At the Rumpus, in conversation with Sheena Daree Miller, author Yaffa S. Santos explains why she needed to explore synesthesia in order to complete her debut novel, A Taste of Sage. “I knew I wanted to write about a Dominican woman chef working in upper Manhattan. And I wanted it to be something I could and would finish, because I had started previous projects that I hadn’t completed,” she says. “I realized that, in order for me to be invested enough to get to the end, there had to be some sort of aspect beyond the five senses. It was important for me to incorporate that, no matter what shape it took. I wondered what sort of element I could add that would keep me focused from start to finish.”
The Guardian‘s Max Liu highlights several rising star Asian American authors, including Year in Reading 2017 participant Jenny Zhang. “After years on the peripheries of US fiction and poetry, Asian American authors have stepped into the spotlight during 2017. Books by writers of east and south-east Asian heritage are one of the hottest trends this year. […] Transcultural writers, born to immigrant parents in the US or immigrants themselves as children, they are channelling their experiences into writing that, with perfect historical timing, challenges readers to resist attacks on immigrants’ rights and to see refugees as individuals with unique stories.”

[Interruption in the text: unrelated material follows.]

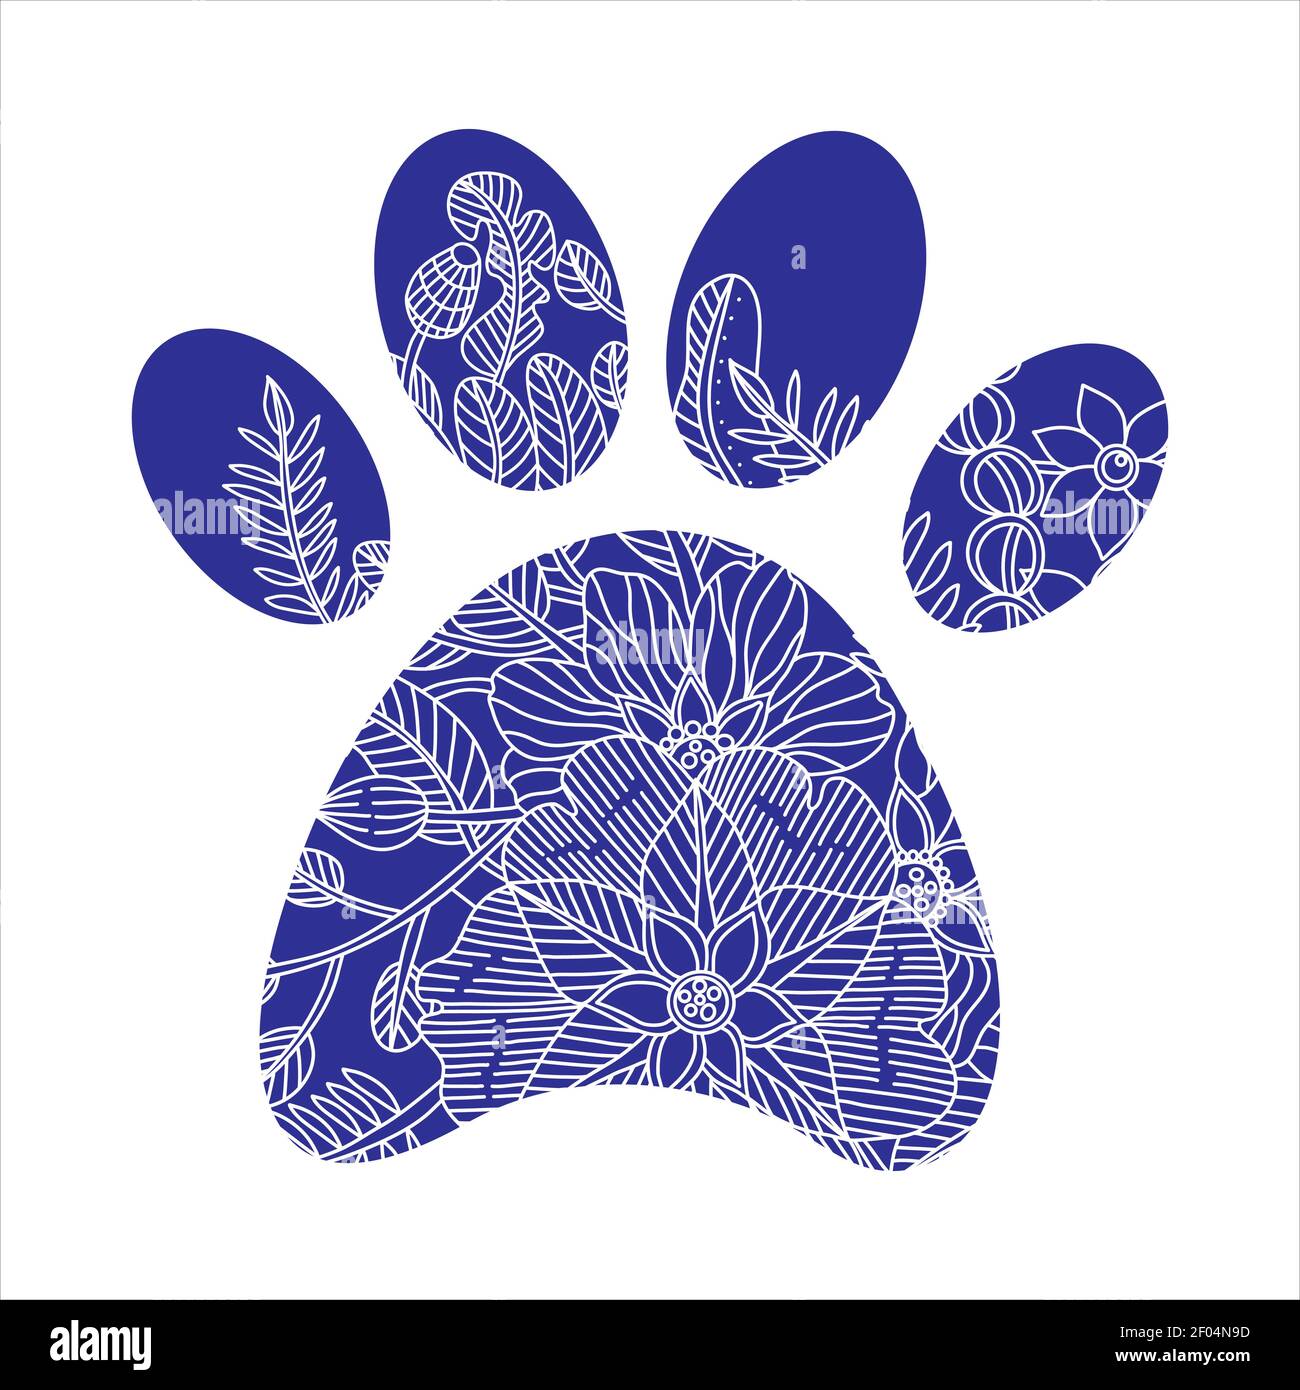 Silhouette of blue dog paws with doodle abstract flowers and leaves. Vector illustration, zentangle concept. Stock Vector

This week, Granta redesigned its website, which now boasts a spiffy black-and-white aesthetic. If you’re looking for an excuse to check it out, you could do worse than reading Year in Reading alum Hari Kunzru’s “Drone,” a story which appears in their India issue. (They’re also highlighting great pieces from their archives, among them the story “Night” by Alice Munro.)
If you thought Bill Gates was content donating millions of dollars to charities around the world and hiding out in his exorbitantly expensive mansion compound, think again! The Microsoft founder and tech mogul reviews books on his personal blog, Gates Notes–and those reviews actually drive sales. Move over “Colbert Bump,” the Gates Bump is here to stay.